I’m still working on the appease response of people pleasing and fear of conflict. This is a big one for me as the fear of retribution or angering people is still embedded in my nervous system, and I don’t want to do or say anything that could potentially upset or disappoint people. I call myself a “recovering perfectionist” because this used to mean always being as perfect as possible and never making a mistake in order to minimize the chance of retribution, but I’ve been working on allowing myself to be a messy human and sometimes miss the mark without fearing repercussions. 

Why is your F type important to know? There are two main benefits.

The first is you can more easily and quickly recognize and address the trauma response when it comes up. For example, if I know that I am avoiding sending an email because I’m worried about the recipient’s response, I can say to myself, “Ah! That’s my appease trigger” and I can use one of my tools to comfort, soothe and care for that inner child part of me. 

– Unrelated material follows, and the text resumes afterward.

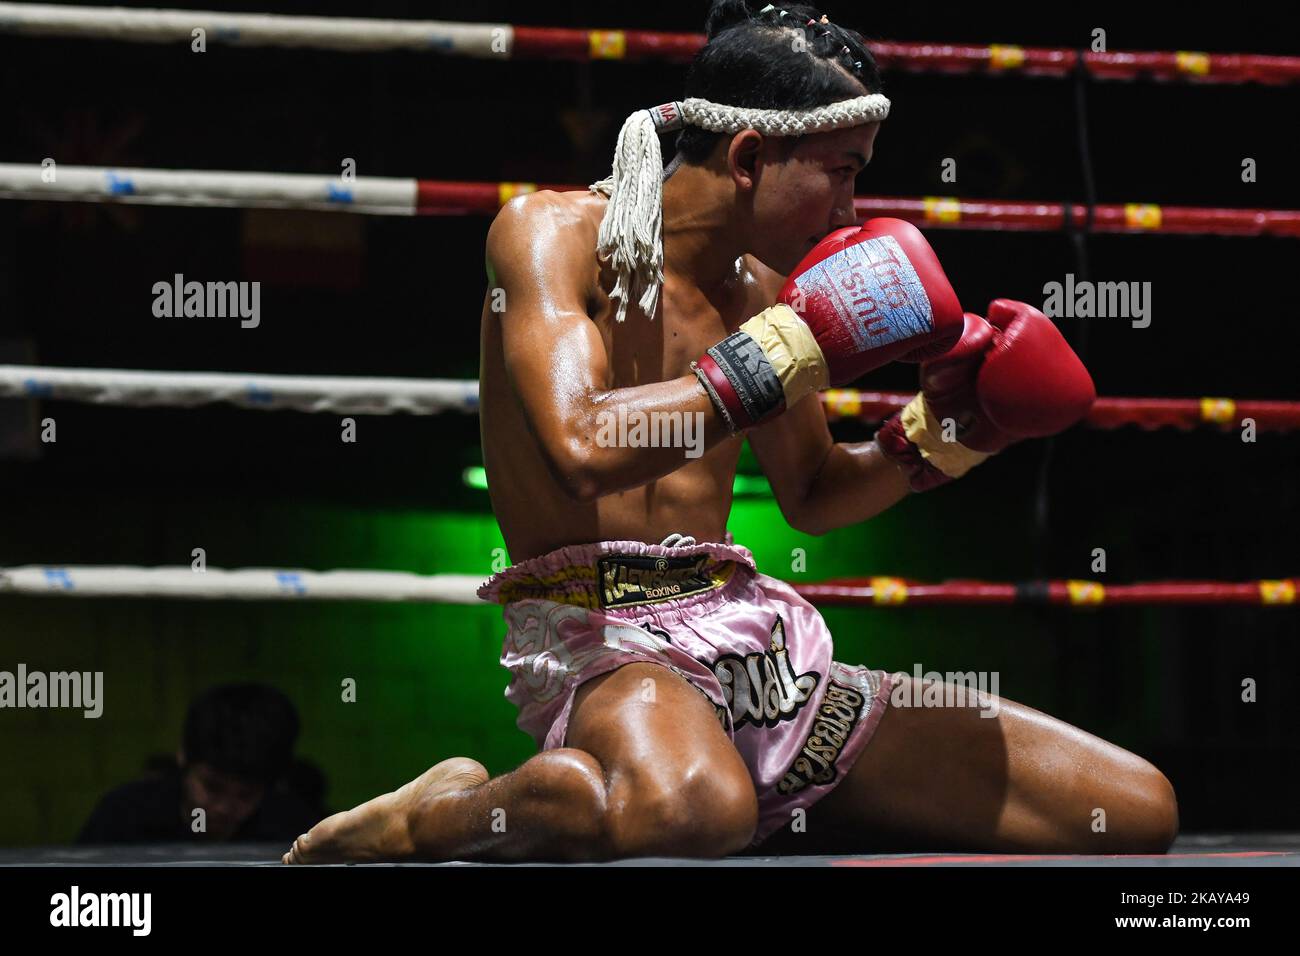 Plerngarom during his introduction ahead of for his Thai boxing combat against Pongsin in 54kg category, during Muaythai Monday Evening International Thai Boxing Gala in Thaphae Stadium in Chiang Mai. On Monday, June 11, 2018, Chiang Mai, Chiang Mai Province, Thailand. (Photo by Artur Widak/NurPhoto)  Stock Photo

The second is that it helps you figure out how to “complete the stress response” so you can get back into that calm, parasympathetic mode. For example, after a stressful day I often pick solitary “freeze” activities to reset my nervous system where I can be quiet, still and alone, like meditation, reading, watching movies, or crafting because I know that my nervous systems feels most safe in these activities and will be able to unwind and clear out any residual stress. If I were more of a “flight” type, then going for a long drive might help me reset into parasympathetic mode. 

I hope this helped you identify your mix of parasympathetic responses and I’d love to know what type of F*er you are!

Drop me a note, and let me know because I like hearing from all you F*ers out there. 

And don’t forget — while you may be shy or short-tempered or a chronic daydreamer, YOU ARE AN AMAZING GOD(DESS) WHO HAS SURVIVED SOME EPIC SHITSHOWS. I see you in all your human, messy glory and I love and admire you all the more for it. Rock on, my warrior friend.